Dari kabupaten Belu sendiri menampilkan tarian khasnya Tarian Likuran dan Tebe yang dibawakan oleh perwakilan peserta didik dari SD, SMP, dan SMA. Untuk melihat festival ini semua pengunjung wajib menggunakan kain adat daerah. Festival ini dibuka oleh Bupati Kabupaten Belu dan mengundang bintang tamu, seperti yang terjadi pada Oktober 2019 dahulu dihadiri oleh vokalis Slank, Kaka.
Festival ini dilaksanakan setiap musim panas. Ketika berjalannya festival ini, Fulan Fehan dipadati oleh berbagai masyarakat yang ingin menyaksikan. Sayang sekali dikarenakan pandemic Covid-19 festival ini tidak dapat dilaksankan. Kita berharap kedepannya pengunjung dapat menyaksikan dan turut serta dalam euforia Festival Fulan Fehan.
Karena merupakan festival musim panas, untuk menyaksikan rangkain acara, diharapkan pengunjung membawa tenda, payung, ataupun alat yang dapat digunakan untuk berteduh. Hal ini dikarenakan saat musim panas Fulan Fehan sangat terik dan tidak ada pepohonan yang dapat dijadikan tempat berteduh.
Setelah bersantai ria di Fulan Fehan, eitss kamu jangan dulu pulang. Terdapat banyak objek wisata lainnya disekitar Fulan Fehan, seperti benteng tujuh lapis yang menjadi tempat bersejarah dan mistis, konon katanya dapat menampung 1000 orang didalamnya. Selain itu terdapat gunung Lakaan, air terjun Mauhalek dan air terjun Lesu Til.
Wisatawan juga dapat melakukan wisata rohani berkunjung ke Patung Kristus raja dan Kapela Mgr. Gabriel Manek yang keseluruhan bangunanya terbuat dari batu alam. Semakin turun dari area Fulan Fehan anda dapat berkunjung ke area Sadi untuk menyegarkan mata dengan kawasan persawahannya yang terbentang luas dan dipagari dengan pohon-pohon cemara.
PENUTUP
Kesan saya berkunjung ke Fulan Fehan bersama keluarga dan teman-teman sangatlah menyenangkan. Kami dapat bersantai ria menikmati keindahan FUlan Fehan, bercerita dan bercanda ria, berkenalan dengan pengunjung lainnya dan tentu saja mengabadikan banyak foto-foto yang cantik. Alangkah menariknya jika di daerah Fulan Fehan membuka spot Paralayang, yang mana dapat membantu ekonomi masyarakat setempat dan menjadi hiburan yang menarik banyak pengunjung baru lainnya.
Gimana nih pembaca?
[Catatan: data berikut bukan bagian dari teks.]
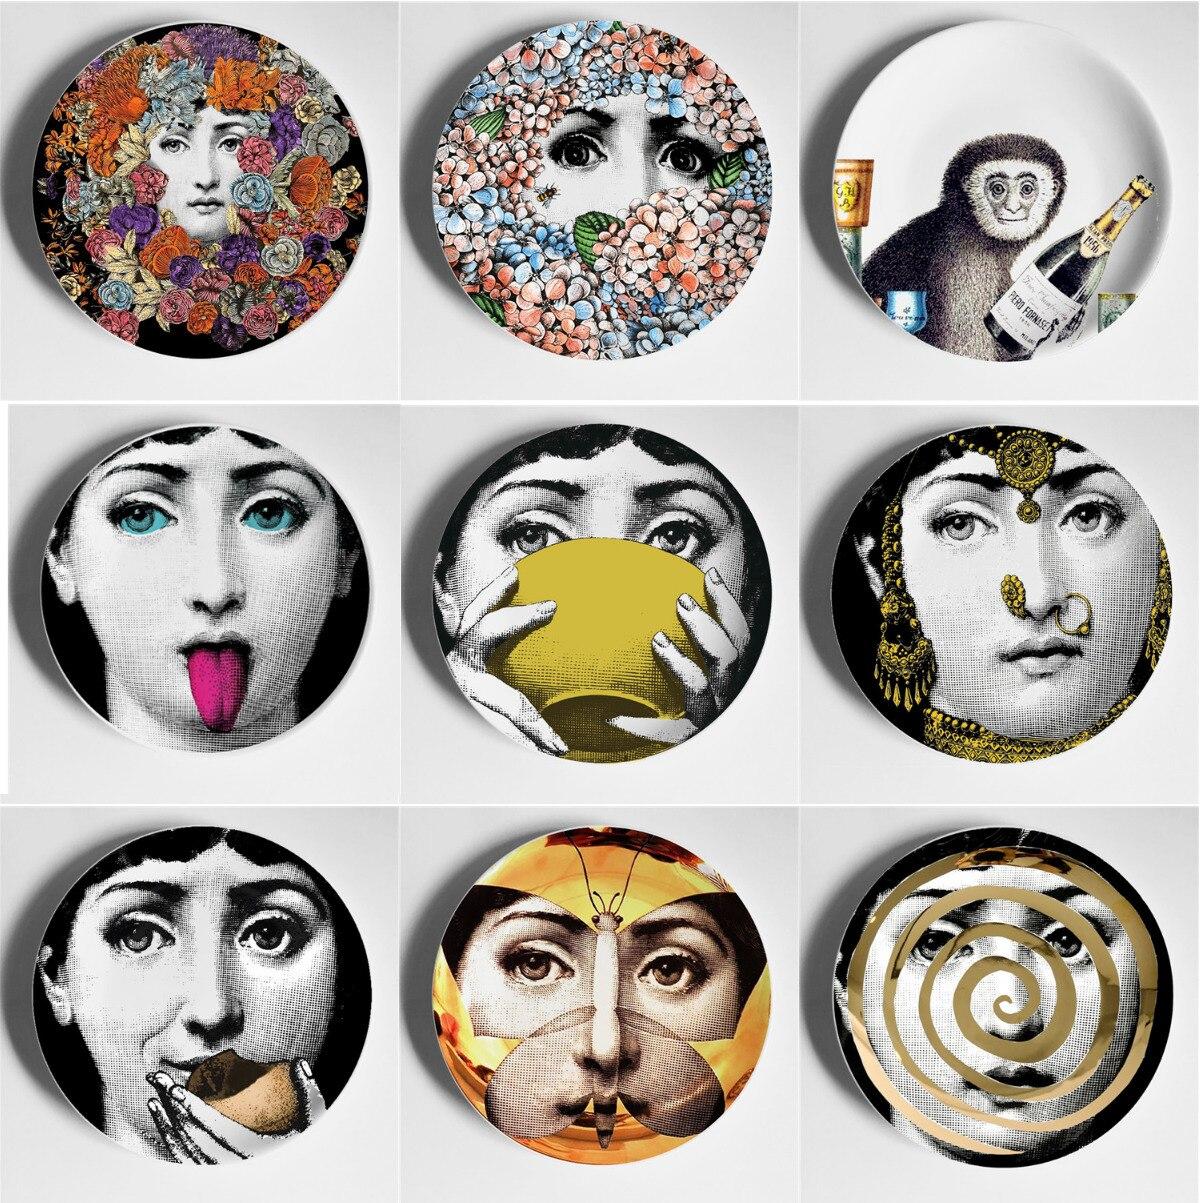 Dekorative Wand Platte Wand Dekoration Platte Kunst Platte Zimmer/haus/hotel Decor Cavalieri Lina Gesicht Keramik Handwerk Wand platten

Sudah cukup tertarik untuk mengunjungi Fulan Fehan? Kalau kamu ingin mengunjungi Fulan Fehan, musim hujan adalah waktu yang tepat untuk melihat keasrian Fulan Fehan. Selain itu disarankan melakukan perjalanan pagi agar setibanya di puncak kamu dapat menikamti Fulan Fehan yang cerah. Jika berkunjung pada waktu siang atau sore, Fulan Fehan sudah tertutup dengan kabut yang tebal. Jika ada kesempatan, berkunjunglah ke daerah Atambua untuk menikmati indahnya Fulan Fehan.